High chromium cast irons show superior abrasion resistance due to their chromium carbides. Their abrasion resistance is improved by insert casting with cemented carbide. The effects of high-temperature exposure during insert casting on the microstructures of cemented carbide were investigated in this research. The high chromium cast iron (2.7%C–27%Cr) and the cemented carbide round bars (WC–13.7%Co) were prepared. The round bars were dipped in molten high chromium cast iron at 1596 K. The dipped round bars were pulled up after the elapse of 30–180 s. Microstructures of dipped round bars were changed from homogeneous sinter structure to three-layer structure, cemented carbide, diffusion layer, and reaction layer. The thicknesses of the diffusion layer and the reaction layer were increased with increasing of dipping time. FE-EPMA analysis revealed that the diffusion layer was formed by the elution of Co from the cemented carbide and diffusion of Fe and Cr from the molten high chromium cast iron into the cemented carbide round bar. In addition, rectangular particles were randomly distributed in the diffusion layer.

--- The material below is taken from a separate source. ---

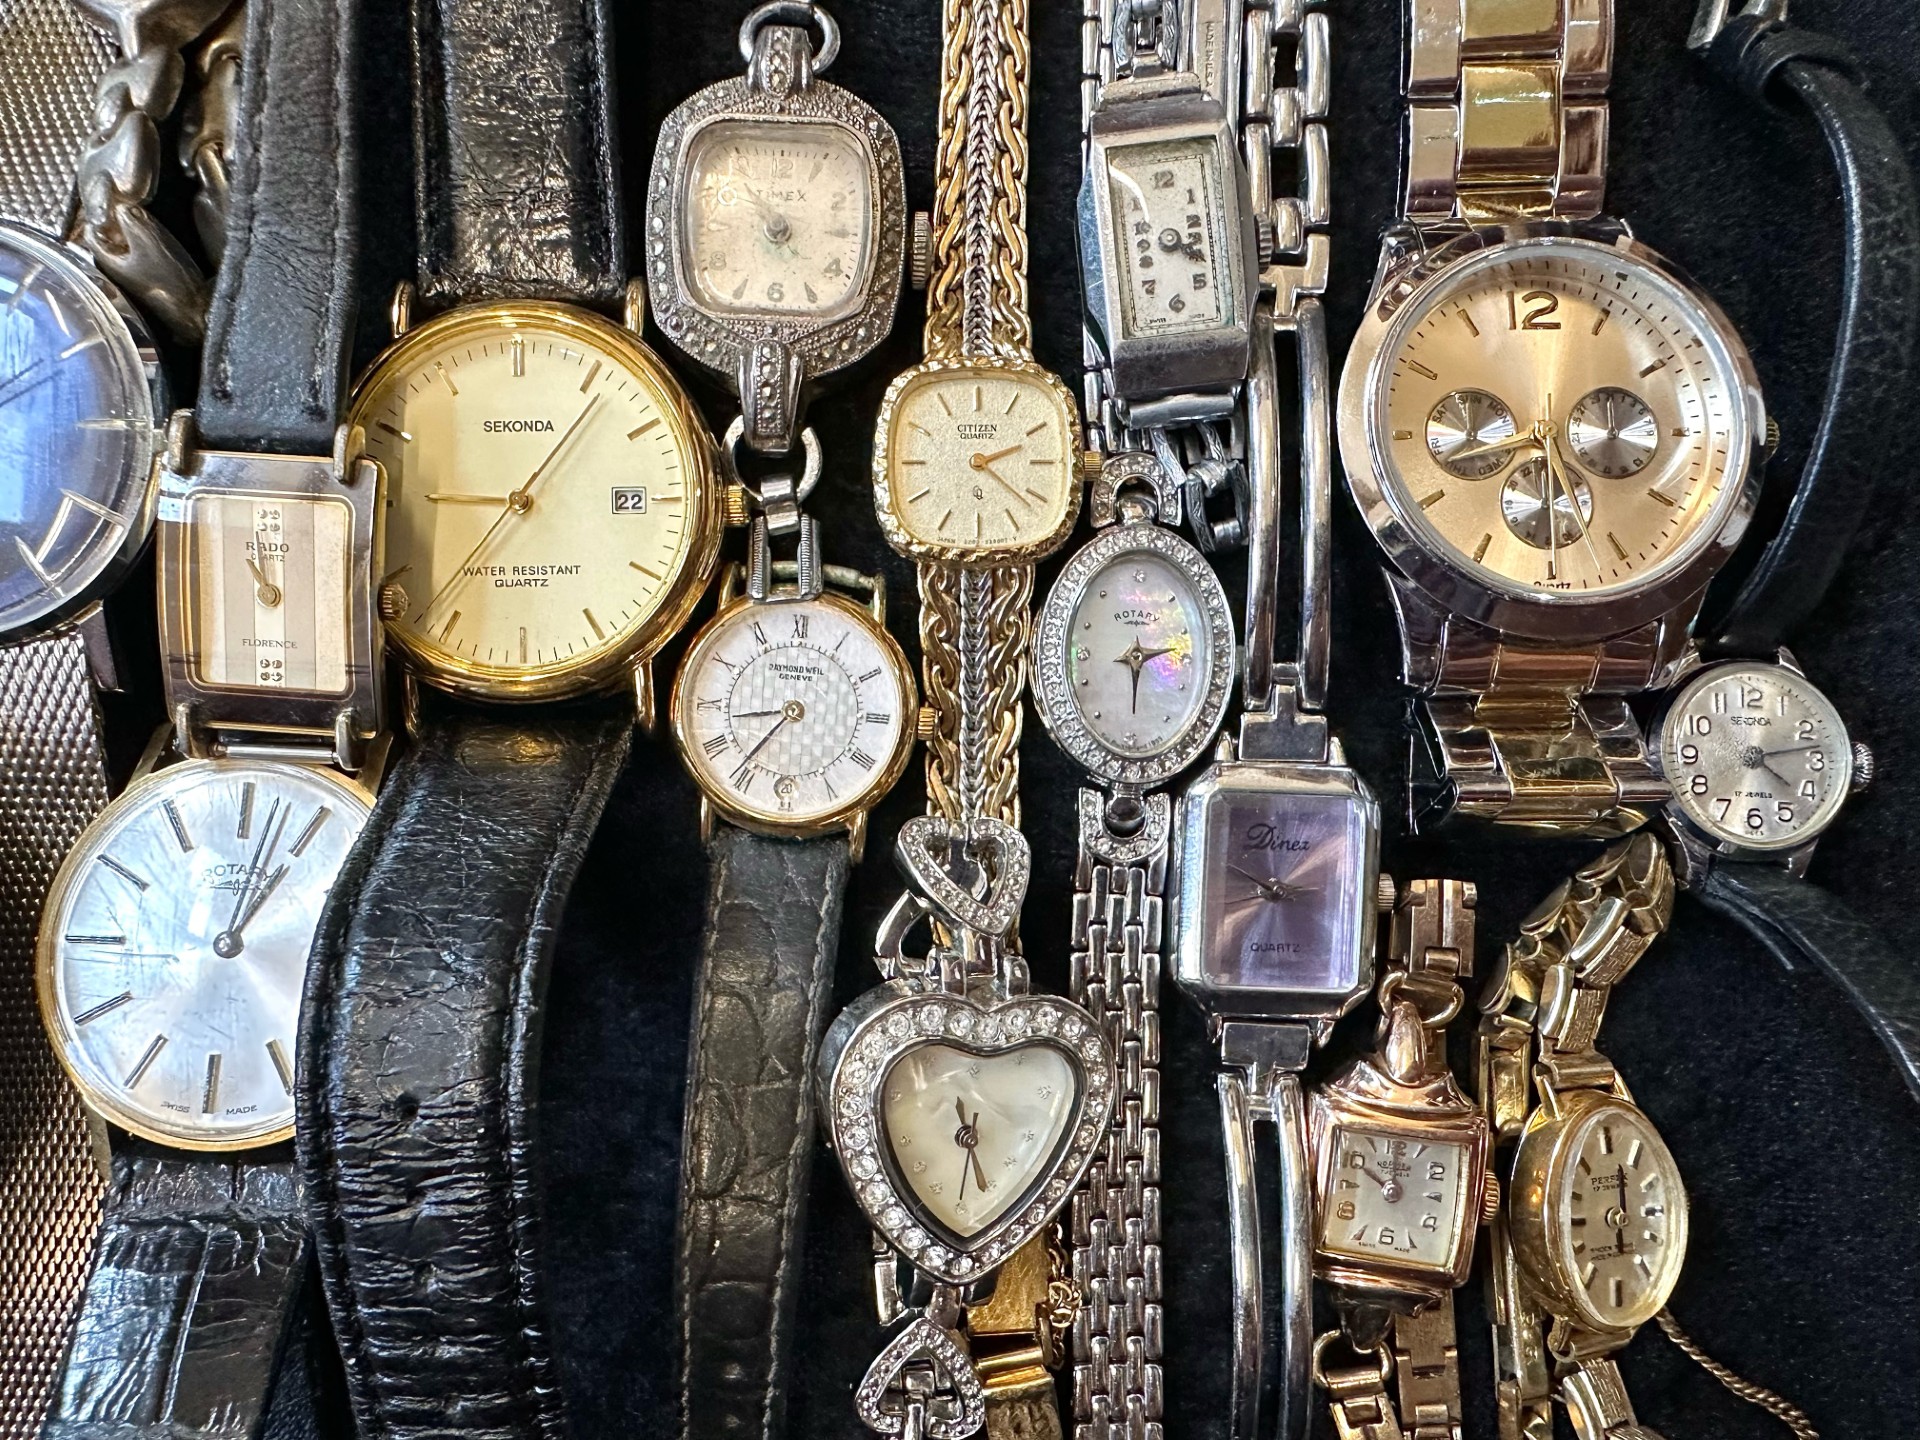 Collection of Ladies & Gentleman's Wristwatches, leather and bracelet straps, makes include Sekonda, - Image 3 of 3

The equivalent circular diameter of the rectangular particle was increased with increasing dipping time. The Vickers hardness of the diffusion layer decreased about 30% relative to the cemented carbide but higher than that of high chromium cast irons. The inserted cemented carbide is thought to have contributed to improving abrasion resistance. It was suggested that thin diffusion layers are more effective for improving abrasion resistance.

 

This Paper was Originally Published in Japanese in J. JFS 90 (2018) 217–223. The abstract, background, experimental procedures, results and discussion have been revised.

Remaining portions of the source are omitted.